Before I describe my thinking around why we might even like to do so and, if we’re seeking predictive power, not simply use a more flexible method, here are some first results: after using the algorithm to optimize the set of interaction terms to include in a regression on 54 variables from the Panel Study of Income Dynamics2 (PSID), a popular dataset for U.S. economics research, the regression’s predictions were no less accurate overall than those from a Random Forest.

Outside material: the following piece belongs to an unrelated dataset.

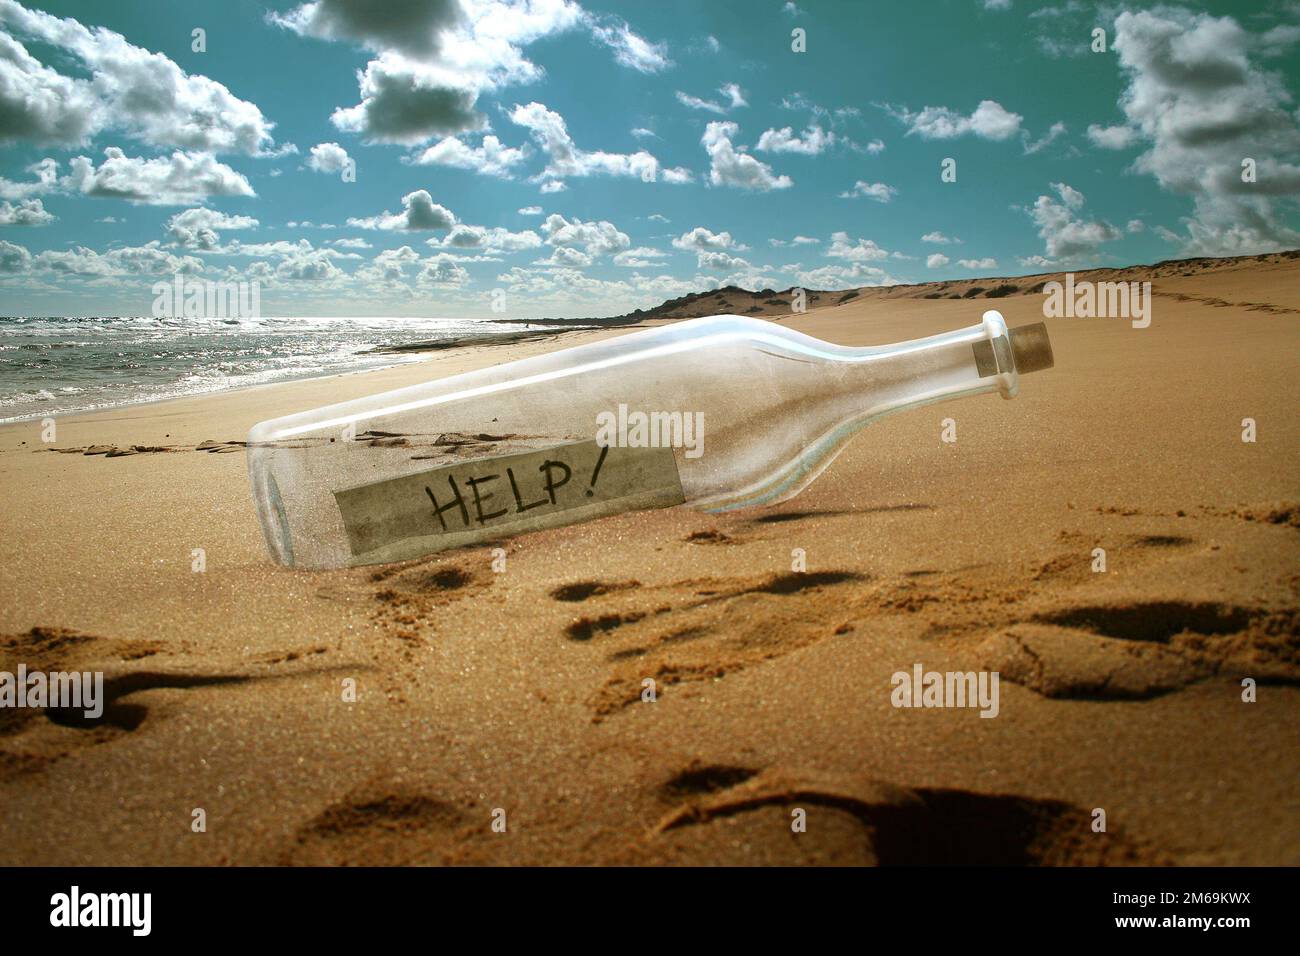 Help message in a bottle Stock Photo

The above chart shows the percentage reduction in the total out-of-sample mean squared error (MSE) in a person’s predicted log earnings, compared with a mean predictor, that several learning methods3 were able to achieve under ten-fold cross-validation. (This metric is comparable to the R2 in a regression, though potentially less misleading in case of over-fitting.)
Why Try Regression?
If we’re aiming to make predictions, then a machine learning algorithm such as Random Forest might be a good contender: it uses an ensemble of piece-wise trees, which can help ensure that any nonlinear or interaction relationships across variables are contributing to its predictions4, something not always clear cut with regression.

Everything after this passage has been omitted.